48c. 9 in r4c45 -> from combos in 22(4) = {2479} -> 7 in r4c6 -> [29] in r56c6
48d. but this means 2 9s in n5
48e. -> no 9 r4c45
48f. no 2 r1c4
However, we don't really need this step at all, because of your great idea:
This is brilliant! You're absolutely right.
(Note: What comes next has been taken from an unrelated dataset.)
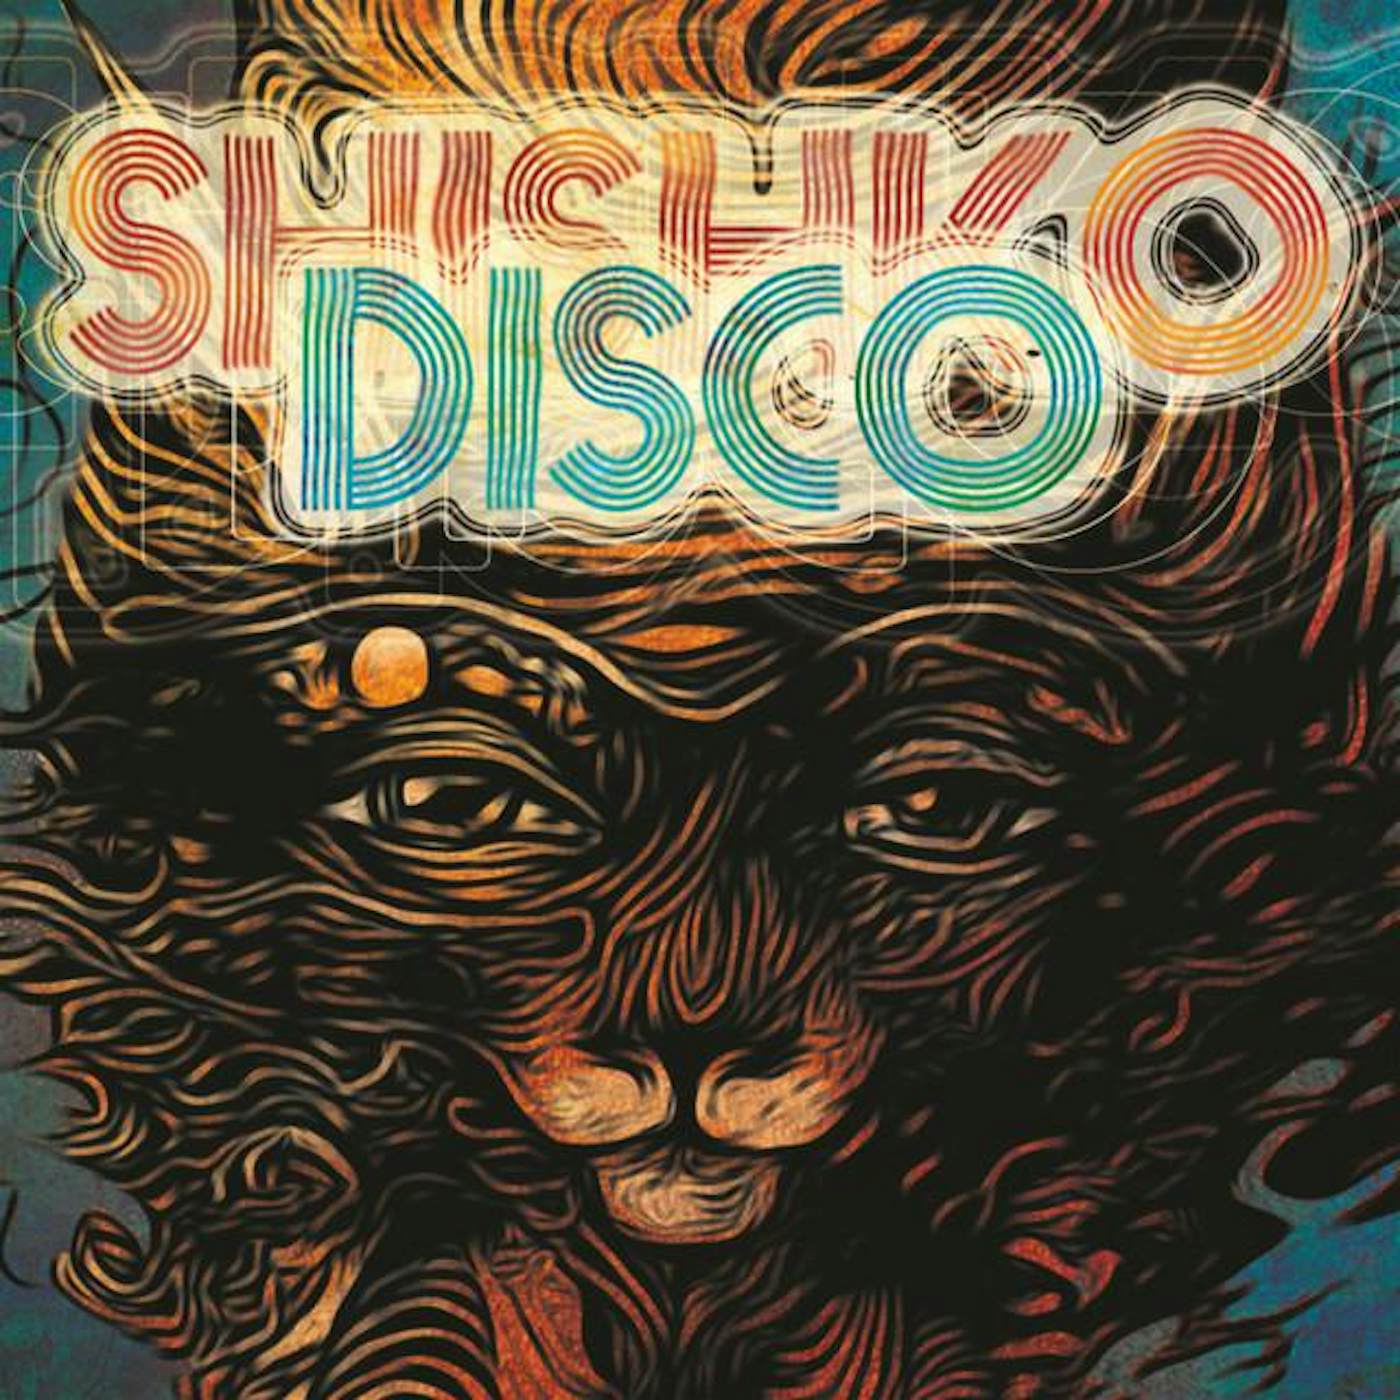 Shishko Disco

Here's the proof:sudokuEd wrote:The two h26(4) cages in r4c4569 and in r4569c6 have 1 cell shared and 2 cells in the same house - so perhaps the 1 leftover cell have to equal each other = {89}? Or is that just luck that it worked out this way?
49. h26(4) at r4569c6 = {2789/3689}; h26(4) at r4c4569 = {2789/4679/5678}
49a. -> both h26(4) cages each have 3 of {6..9}
49b. -> (geometical considerations aside) both h26(4) cages must share at least 2 digits from {6..9}
49c. only places for these common digits are the intersection r4c6 and the "leftover" cells (r4c9 and r9c6)
49d. -> r4c9 and r9c6 must be identical
49e. -> no 6 in r9c6
50. Naked pair on {89} at r59c6 -> no 9 in r4c6
Now continue with slightly modified versions of your steps above (renumbered accordingly):
51. 22(4) = {4567}(no 2): all locked for n5
51a. 6 locked for r4
51b. cleanup: no 9 in r1c4
52. {89} naked pair in r5c46: both locked for r5
52a. r56c1 = [65]
53. 15(3)n1 = {249/348}(no 7) = 4{29/38}
53a. 4 locked for c1
54a. r23c6 must have just 1 of 8/9 for c4 -> combo's in 22(4)n2 must have exactly 1 of 8/9
54a. 22(4) = {2479/2569/2578/3469/3478/3568}
Now for the rest:
55. Naked pair on {45} at r4c7 and r5c9 -> no 4 in r6c789
55a. cleanup: no 9 in r78c9
56. 4 in r6 locked in n4 -> not elsewhere in n4
57. 4 in c1 locked in n1 -> not elsewhere in n1
58. 26(5)n47 cannot have both of {56}, as {56} only available in r7c2
58a. -> {24569/34568} both blocked
58b. {23579/23678} blocked by 15(3)n14 (need {23} in c1), as is {24578} (needs {28} in c1)
58c. {23489} blocked by 15(3)n14 (needs 1 of {23}) and 14(2)n7 (needs 1 of {89})
58d. remaining combos are: {12689/13589/13679/14579/14678} = {(5/6)..}
58e. 1 locked in r789c1 for c1 and n7
58f. -> r7c2 = {56} (only place for {56} in 26(5) cage)
59. r7c2 and 14(2)n7 form killer pair on {56} -> no 5,6 elsewhere in n7
60. 9(3)n78 = {234} (only combo possible), locked for r9
61. Hidden single(r9) at r9c1 = 1
62. Hidden single(c8) at r5c8 = 2
62a. -> r5c7 = 3
63. Hidden single(c7/n9) at r8c7 = 2
64. 3 in c8/n9 locked in r78c8
64a. -> 11(2)n9 = {38}, 8 locked for c8 and n9
65. 4 in c8 locked in n3 -> not elsewhere in n3
66. Hidden single(c7) at r4c7 = 4
67. r45c9 = [85], r5c5 = 4
67a. cleanup: no 7 in r1c4
68. 5 in r9 locked in n9 -> not elsewhere in n9
69. 27(4)n689 = {5679} (only combo possible)
69a. -> r7c6 = 5
70. Naked single at r7c2 = 6
71. 14(2)n7 = {59}, locked for r8 and n7
72. Outie n69: r8c6 = 4
73. Hidden single(c6) at r4c6 = 7
73a. -> r569c6 = [928] (step 48)
73b. cleanup: no 7 in r1c4
74. r56c4 = [83]
75. Naked single at r9c4 = 2
76. Hidden single(c4) at r3c4 = 9
77. Hidden single(c4) at r2c4 = 4
78. Naked pair on {23} at r4c23 -> no 2,3 elsewhere in n4
78a. -> r3c3 = 6 (20(4) cage sum)
Now just singles and cage sums to end.